**To do**. Every line of the listing belongs in your answer exactly as written; the images do not.

**Data block**.
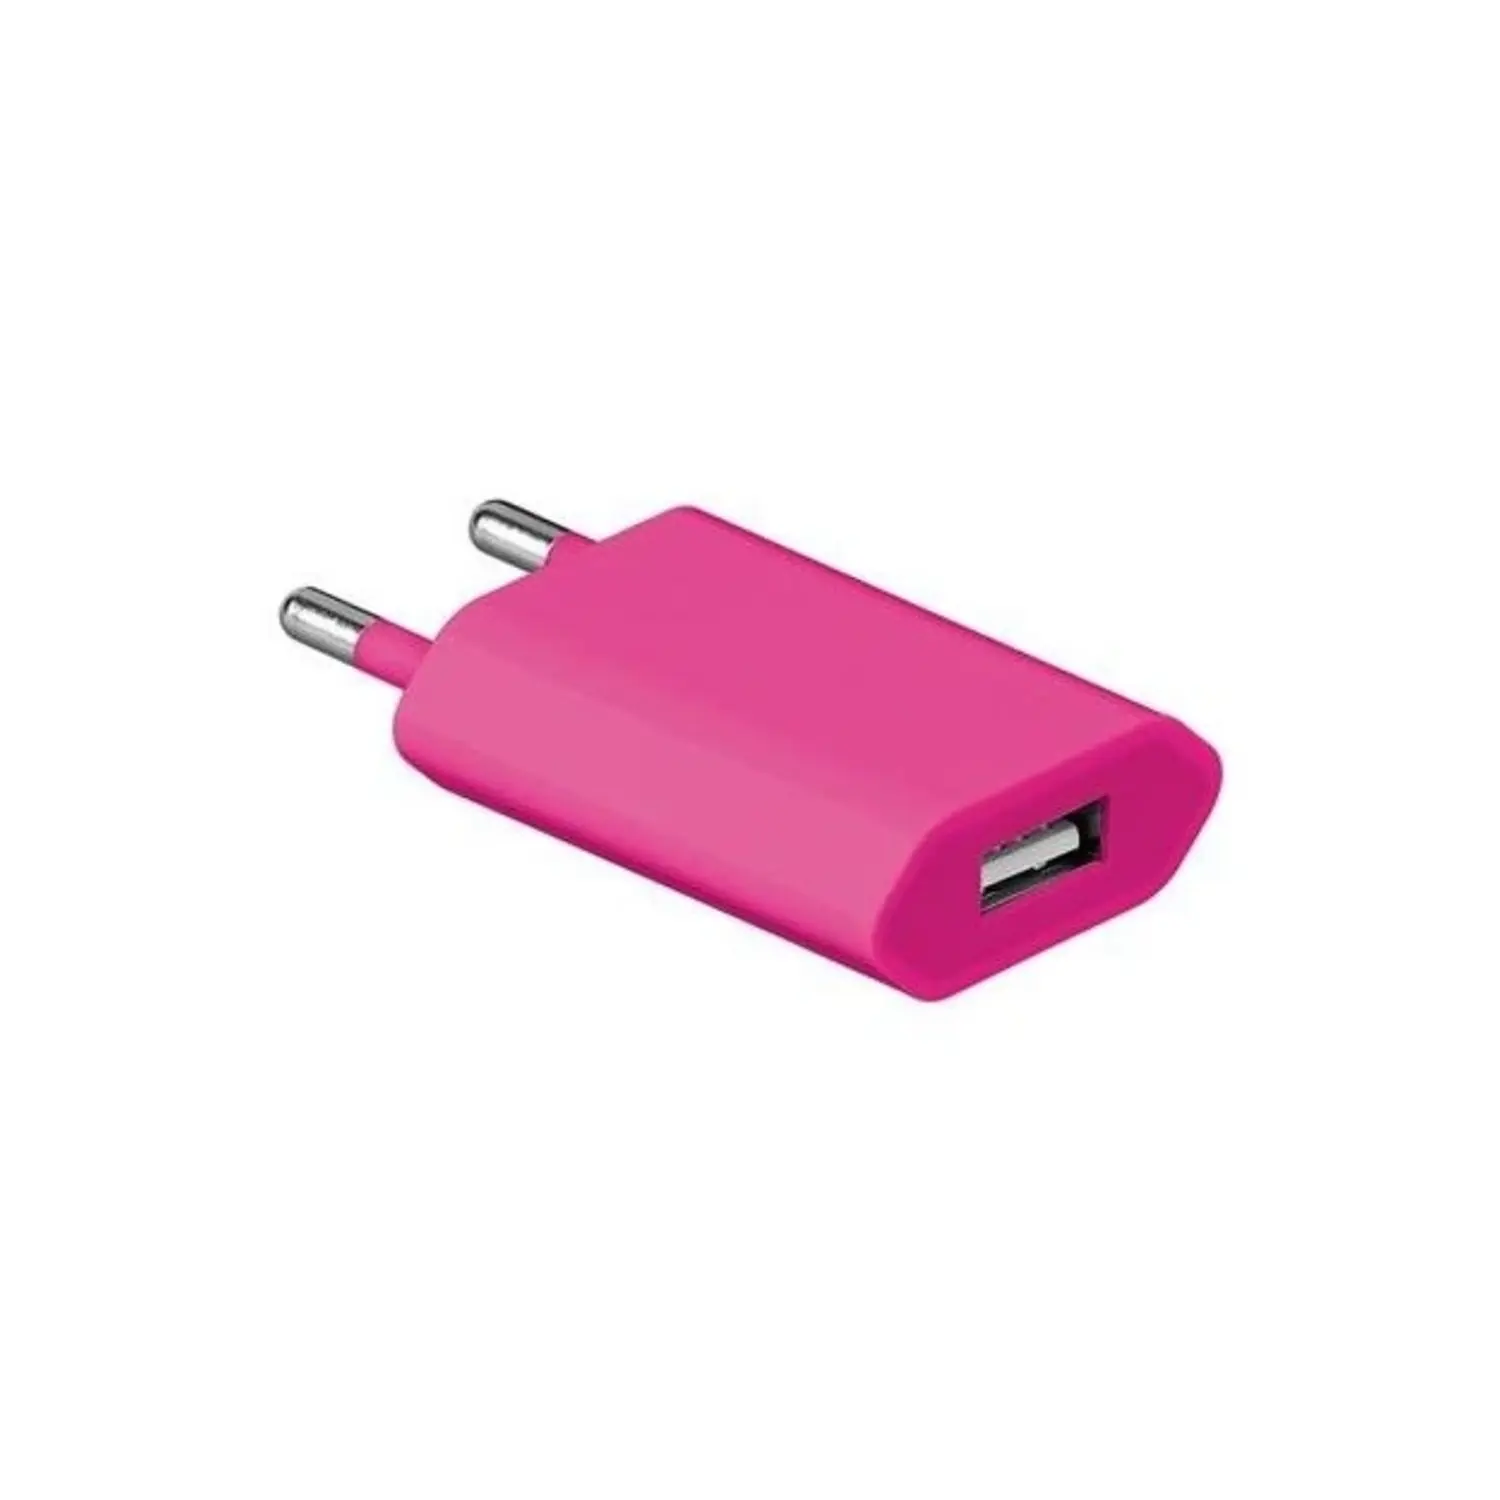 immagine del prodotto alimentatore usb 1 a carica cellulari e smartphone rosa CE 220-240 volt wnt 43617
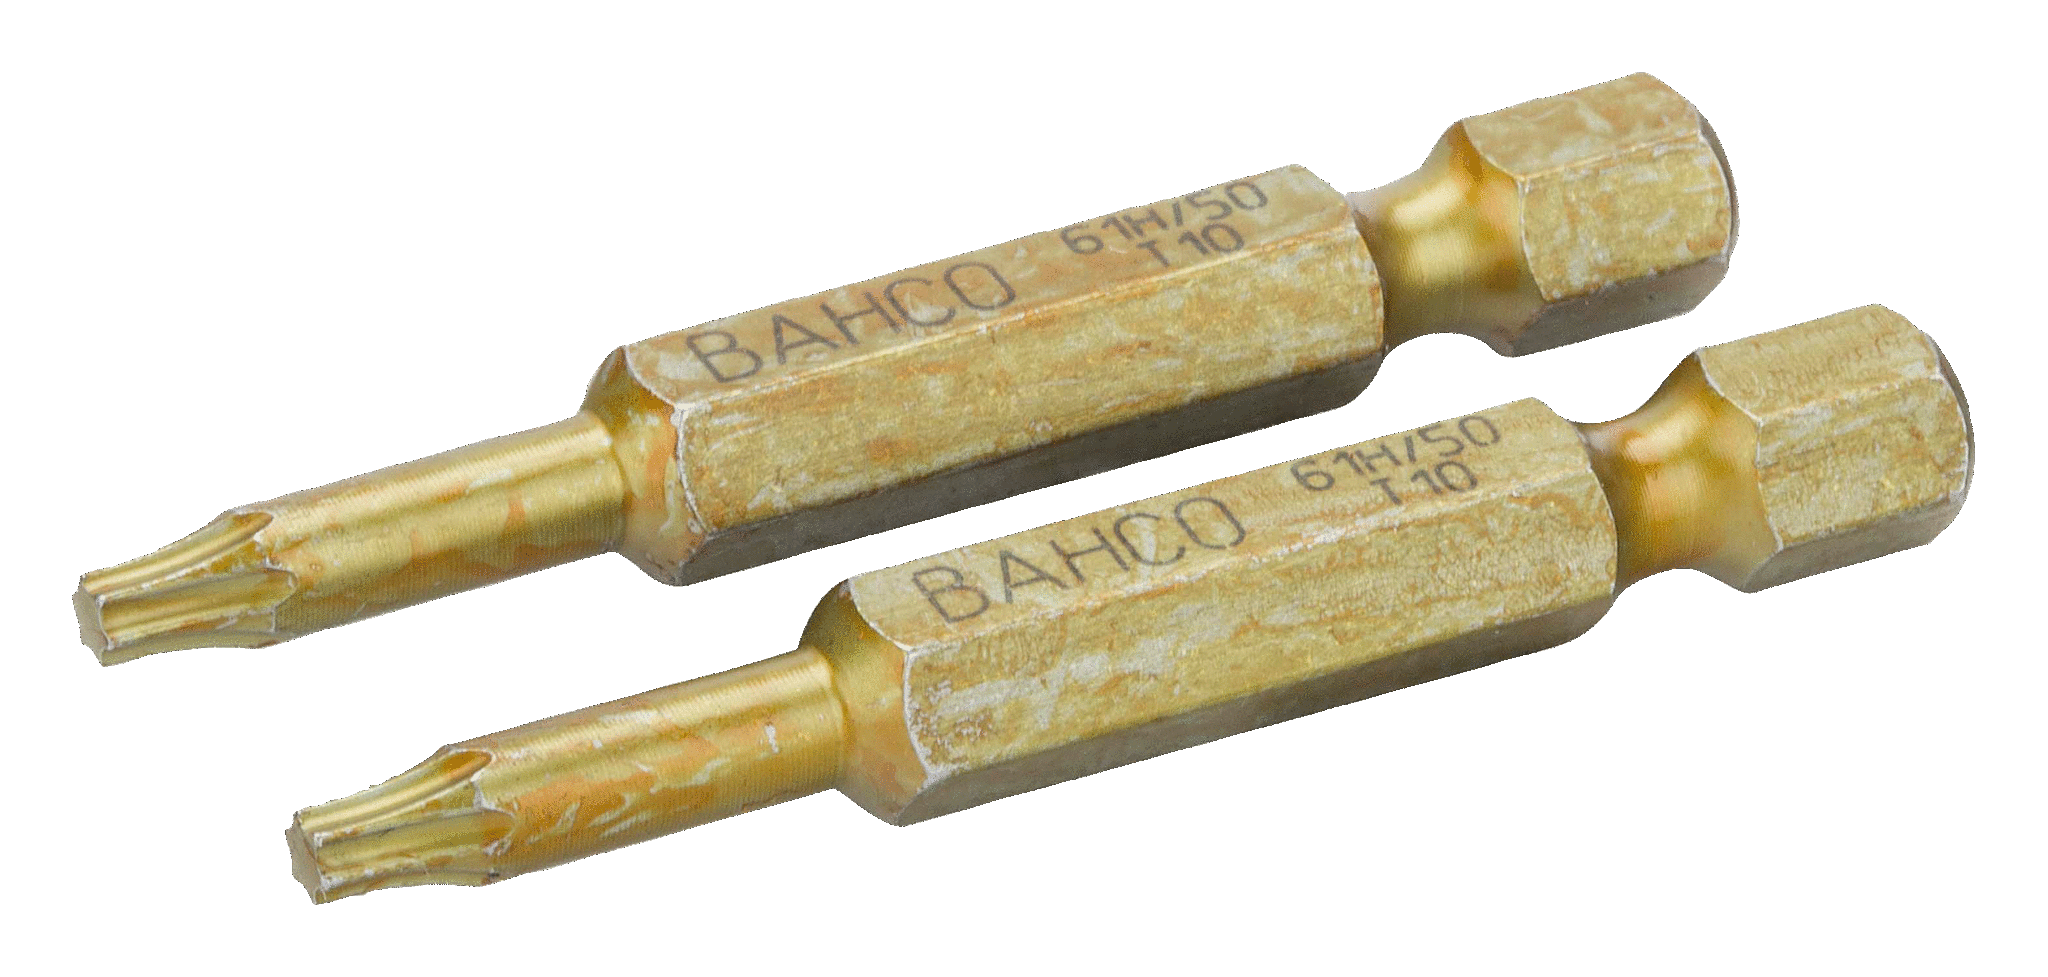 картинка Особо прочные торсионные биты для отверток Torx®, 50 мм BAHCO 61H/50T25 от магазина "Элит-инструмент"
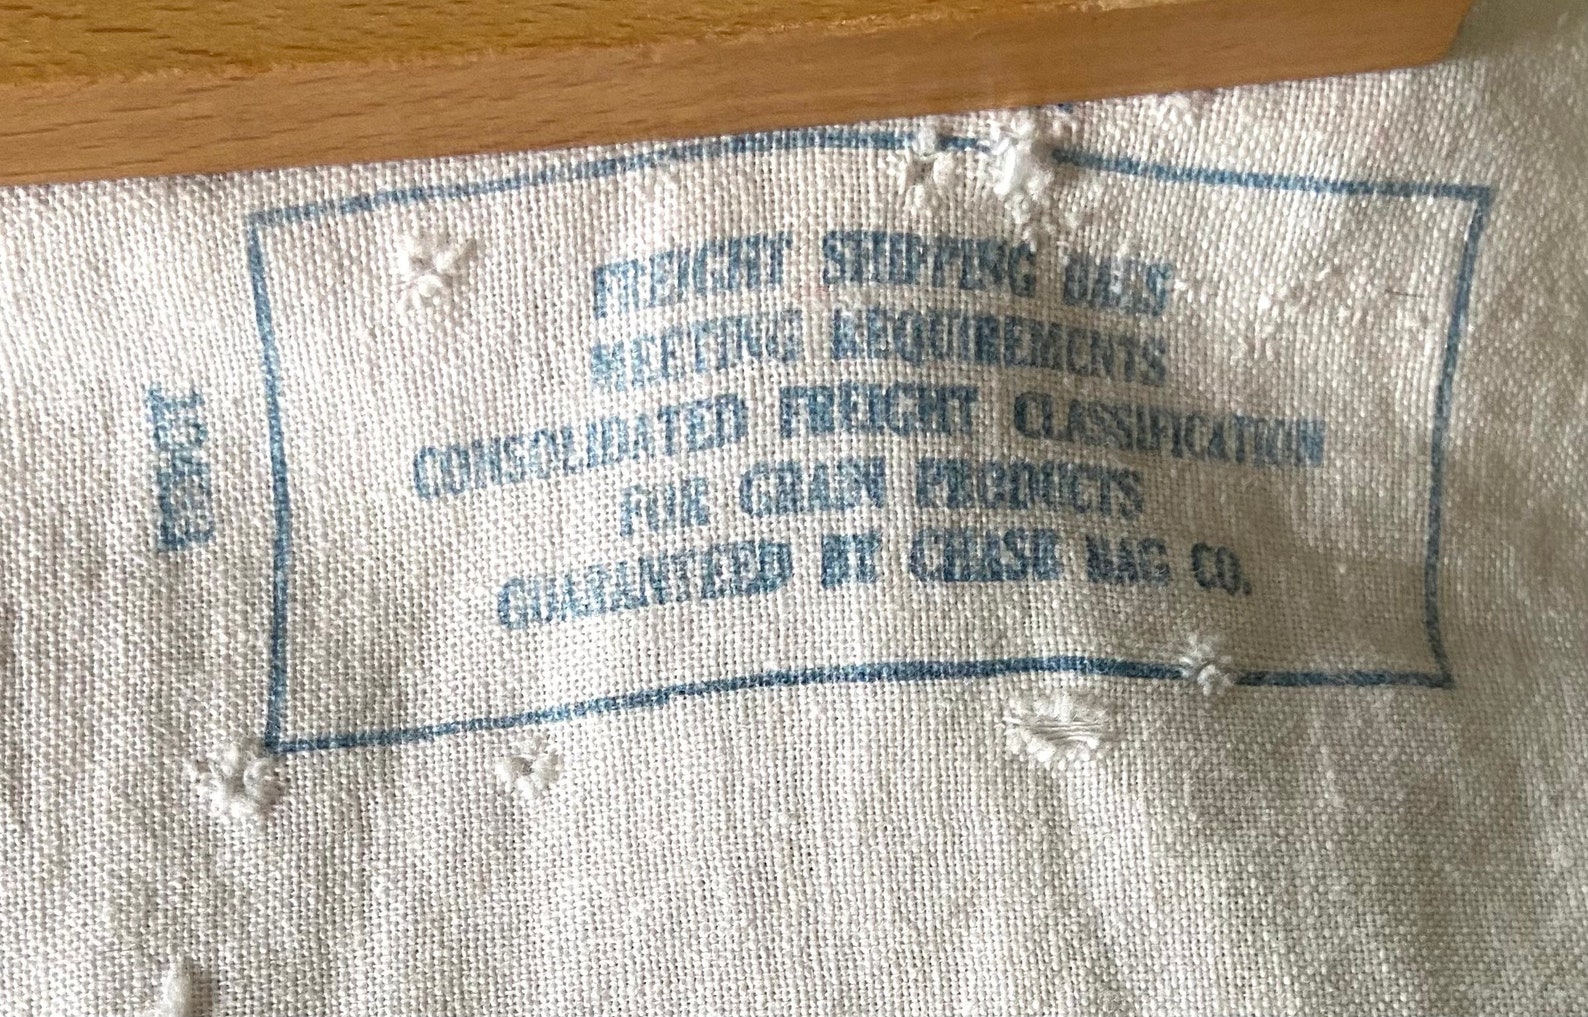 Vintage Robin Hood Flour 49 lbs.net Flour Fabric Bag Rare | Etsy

**Response box**.
 immagine del prodotto alimentatore usb 1 a carica cellulari e smartphone rosa CE 220-240 volt wnt 43617
 картинка Особо прочные торсионные биты для отверток Torx®, 50 мм BAHCO 61H/50T25 от магазина "Элит-инструмент"
 Vintage Robin Hood Flour 49 lbs.net Flour Fabric Bag Rare | Etsy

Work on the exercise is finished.